4. Razan Abdelhadi (North Press Agency)
An undated photo of Russian soldiers stationed in Syria. (Photo: North Press Agency)
AMMAN — Earlier this month, Russian forces started patrolling the Syria-Jordan border, starting from the Nassib crossing, south of Daraa, all the way to the Syrian border Guard post 107, near the town of Khazma, southeast of Al-Suwaida, in an attempt to curb the smuggling of narcotic substances.اضافة اعلان

Security and military experts Jordan News spoke to say that the move is not likely to limit the phenomenon, which has become a worrisome scourge despite Jordan’s efforts to address it.

Retired air force colonel and military expert Mamoun Abu Nuwar does not believe that “there will be any change” in a situation that “has been going on for a long time.”

According to him, “this procedure is routine”, but “will not be useful in protecting the Jordanian border and eliminating the scourge of drugs.”

It is only “our valiant forces, the Arab Army, that are capable of protecting the borders with high efficiency”, he said.

He added that Syria has become “the capital of drugs and must be confronted”, stressing that Jordan exert’s great effort in this matter.

Still, “due to the complexity of this matter, Jordan must be helped and supported, especially since drug smugglers started using new techniques and resorting to new means, and there are no longer feasible solutions” that could help eliminate drug smuggling, he pointed out.

Security expert Bashir Al-Daja told Jordan News that “the goal of military patrols is not to fight smugglers, but rather to enforce security in southern Syria where armed gangs threaten Syrian security, not Jordanian security.”

Daja said that “unfortunately, the process of drug smuggling is carried out by military factions affiliated with the Syrian armed forces, which facilitate the flow of drugs toward Jordan.”

“If the Russian forces want to solve the drug problem, they must eliminate the farms and factories and where drugs are grown and manufactured, and sent by military factions and smugglers toward Jordan,” he said, stressing that “this must be fought on Syrian territory and not on the Syrian border”.

Retired police Brig.

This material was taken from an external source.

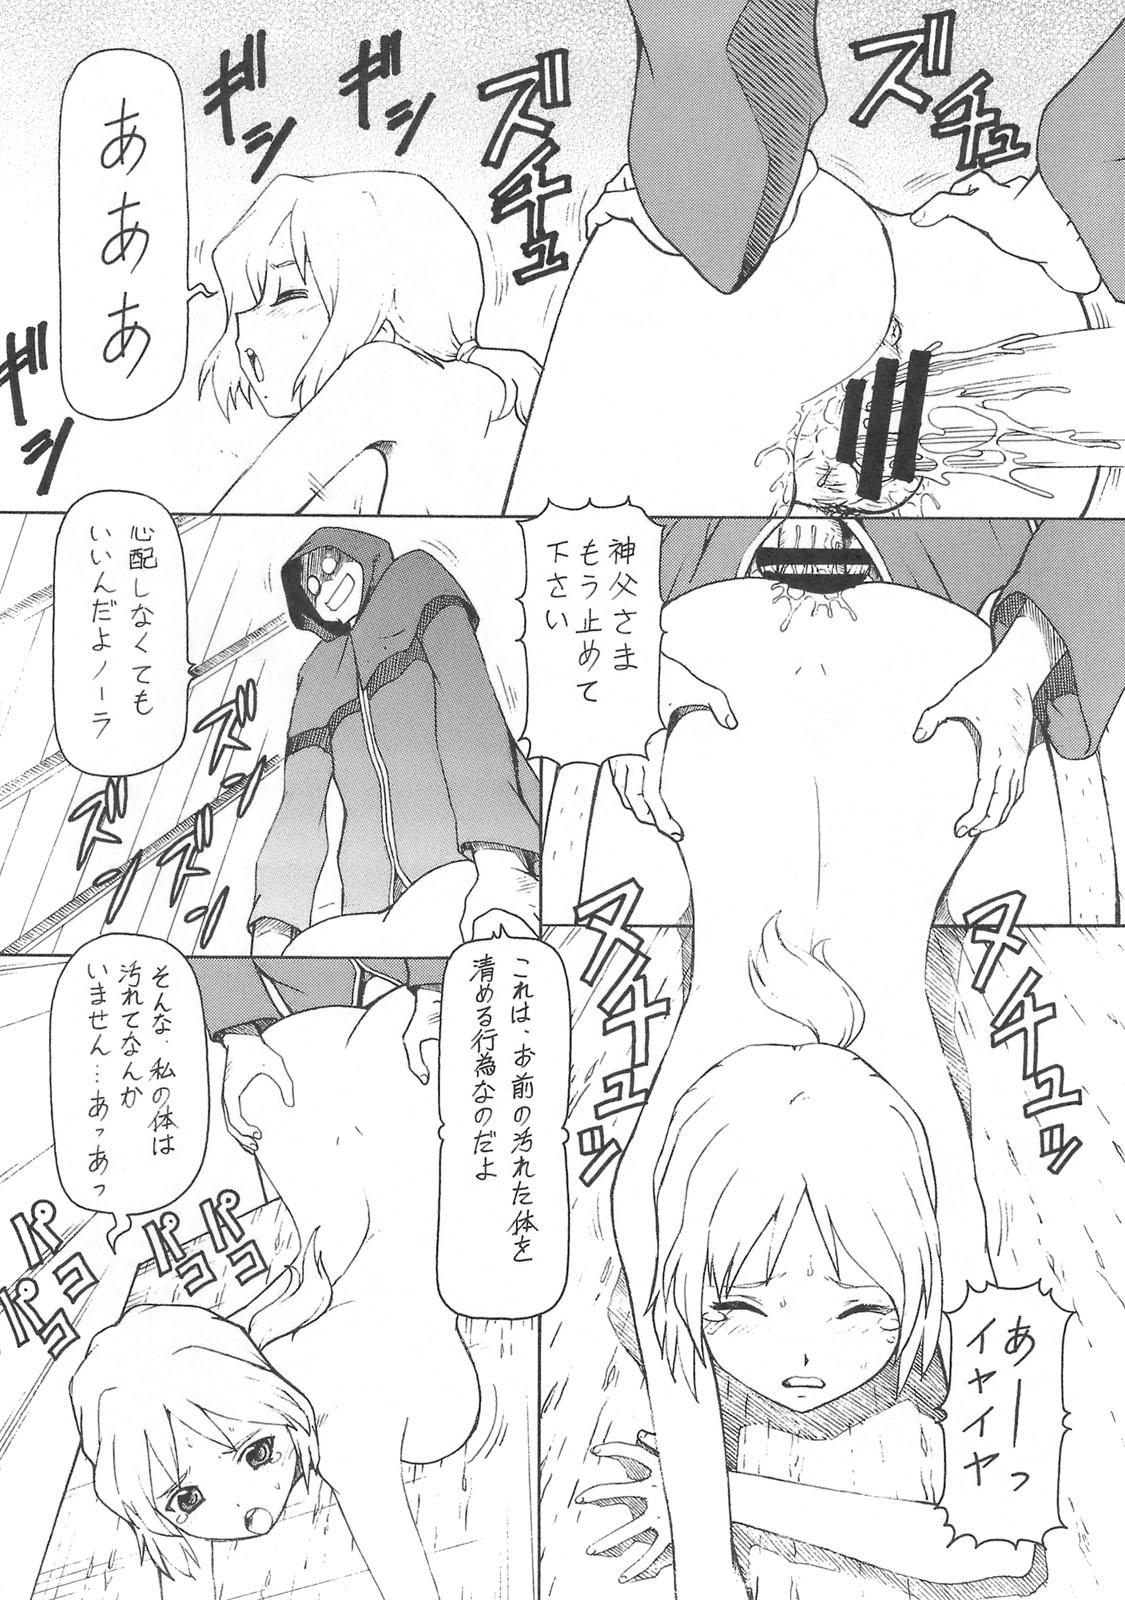 Masseuse Ookami to Butter Inu - Spice and wolf English - Page 3

Gen. Hashem Al-Majali told Jordan News that “these patrols could either reduce the scourge of drug smuggling or increase it”.

By way of explanation, he said that “drug dealers have money, and if this money can buy power (the Russian patrols), it will be a very dangerous thing. If so, then the matter will be more complicated and difficult, especially since they have very modern technology.”

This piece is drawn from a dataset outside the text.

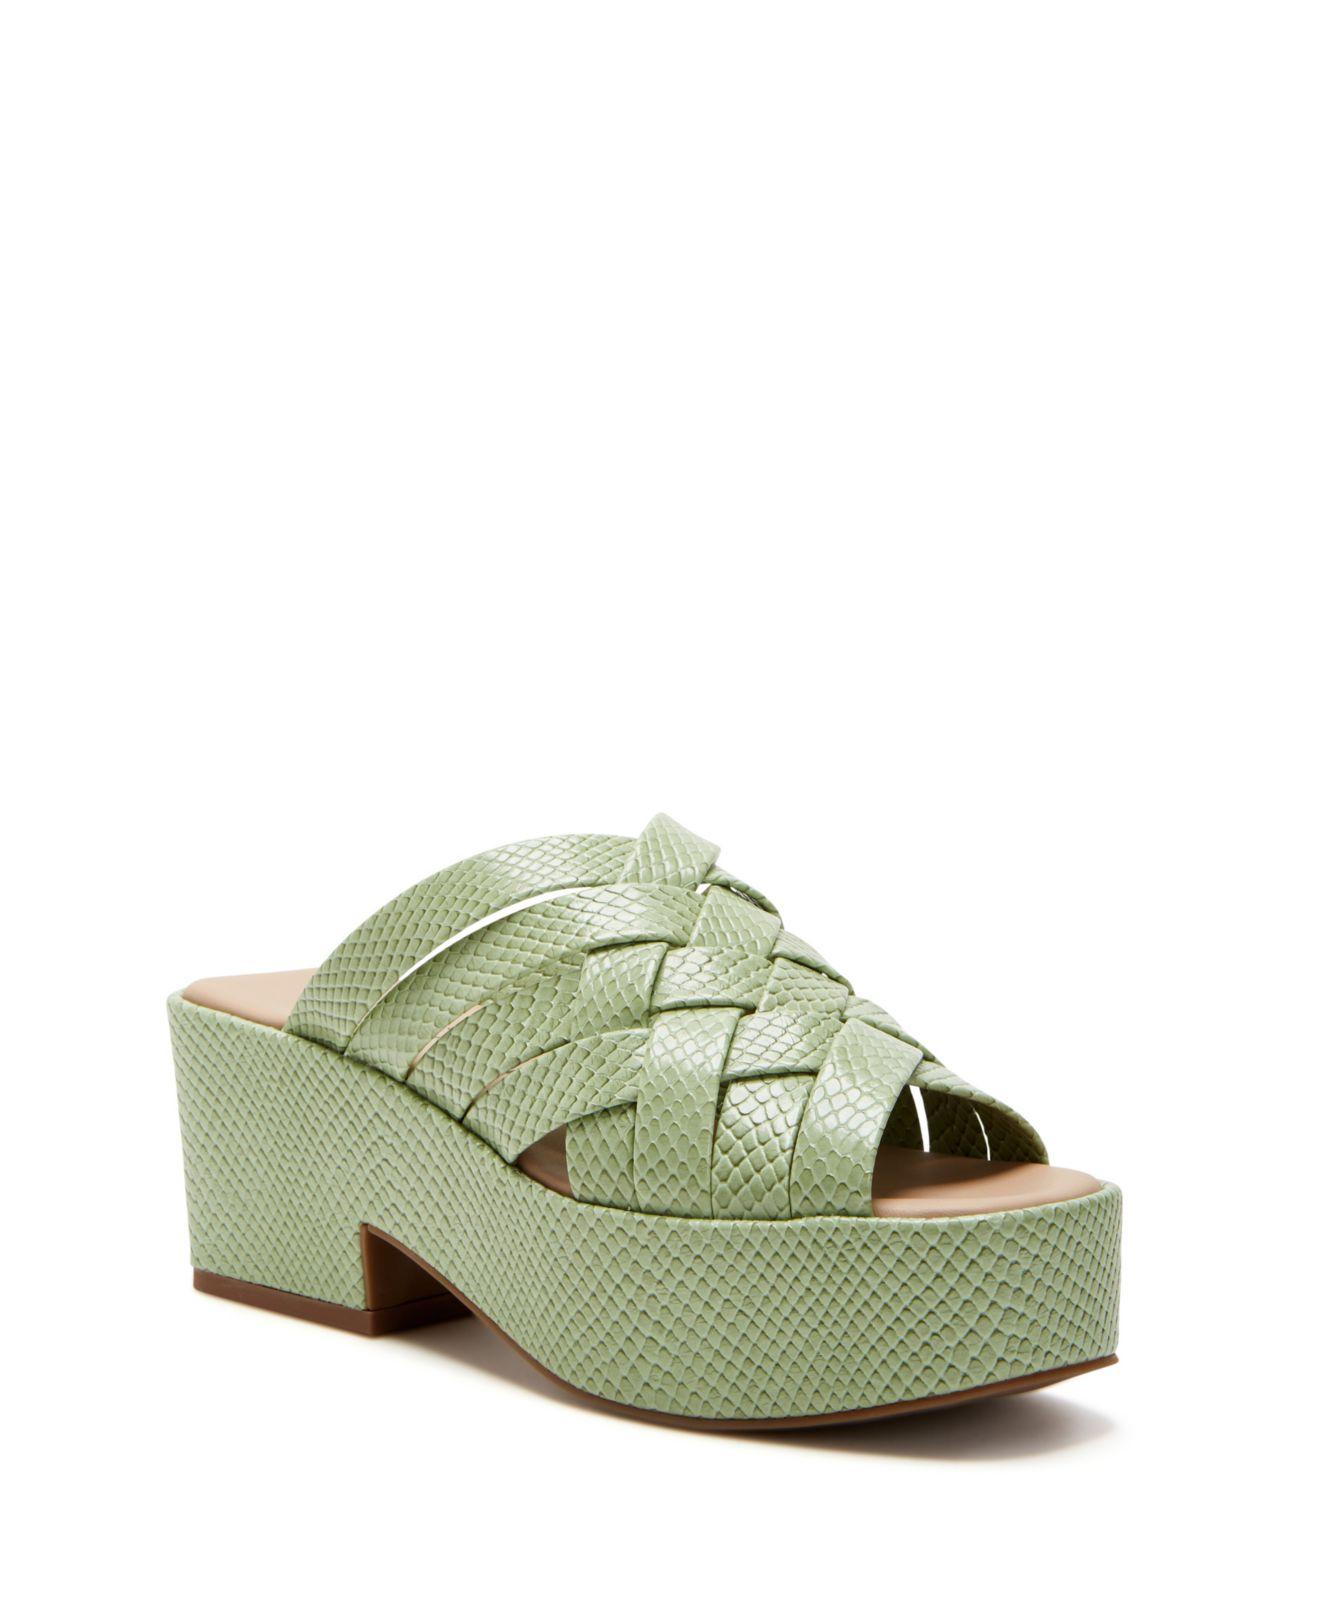 Katy Perry The Busy Bee Criss Cross Slide Sandal in Green | Lyst

“However, if the Russian decision to conduct patrols is the result of an understanding between the Jordanian Armed Forces and the Russian armed forces, this may actually limit drug smuggling and may also lead to a complete prevention of drug smuggling,” he added.

Majali also believes that “the attack that we are facing is organized and fierce, and some militias and parties may be behind it.”